Начальные такты Preambula экспонируют участников действия и первичную расстановку сил, выраженную формулой 1 + 2:  басовая флейта и две гитары — именно таким образом позиционирован музыкальный материал этой части. Тон и характер диалогу задаёт Флейта: её чётко метризованная ритмоинтонация становится импульсом, порождающим единообразие гитарного скандирования, — ритмический и текстовый унисон, скорее, намекает, нежели напрямую указывает на марш как жанровую первооснову. Гитаристы с преувеличенной отчётливостью артикулируют «Reihe» Яндля, пение чередуется с шёпотом, причём с каждым очередным воспроизведением текстового ряда увеличивается брешь, поглощающая музыкальный звук, — к шестой «вариации» вокальную интонацию окончательно вытесняет тихий шелест слов. Закономерным исходом первого этапа сценического действия становится беззвучие седьмой и восьмой «вариаций» — сидя неподвижно[6], в полной тишине музыканты про себя отсчитывают доли, придерживаясь прежней метроритмической пульсации.
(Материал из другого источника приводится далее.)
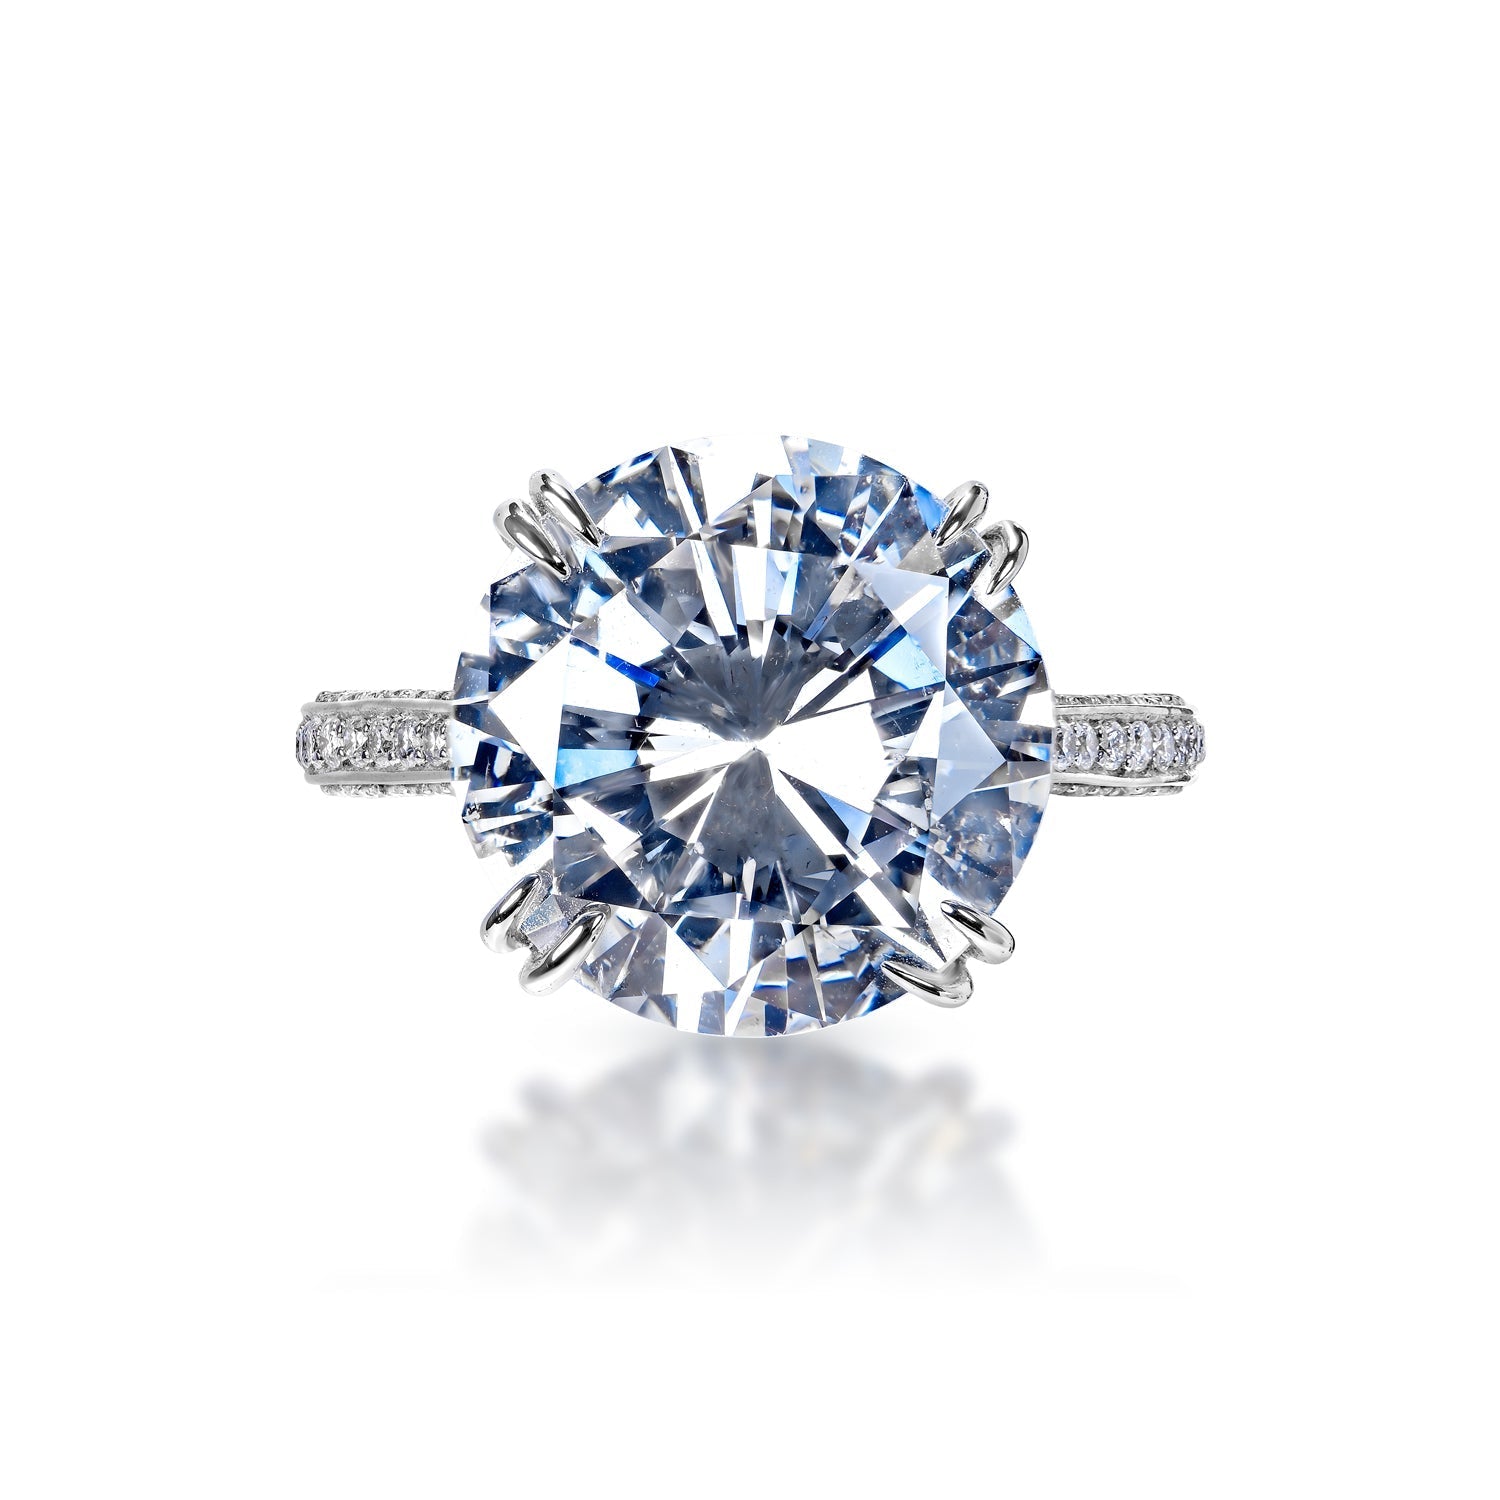 Amalia 8 Carats E VS2 Round Brilliant Diamond Engagement Ring in 18k White Gold Front View

Следующая стадия инструментального взаимодействия несёт на себе печать этого провала в пустоту — гитаристы sottovoce возобновляют чтение стиха, однако некогда благополучный ансамбль теперь распался на контрапунктирующие линии (звуковые и текстовые), которые представляют собой зеркальное отражение друг друга. В противовес редукции собственно музыкального, область наполненного беззвучным счётом ожидания неуклонно расширяется: теперь это шесть структурных единиц («вариации» 21-26) — 36 тактов молчания, прерываемого интенциями возобновления игры и взаимными запретительными жестами. Последней попыткой нового начала становится заключительная, 27-я «вариация», сотканная из градаций нюанса р и невнятного шёпота голосов, — кода, уводящая от какого бы то ни было итогового резюме и осуществляющая ломку структурной периодичности: на смену вариативности приходит куплетно-вариационная форма, Преамбулу сменяет Lied ohne Worte… mit Wörtern.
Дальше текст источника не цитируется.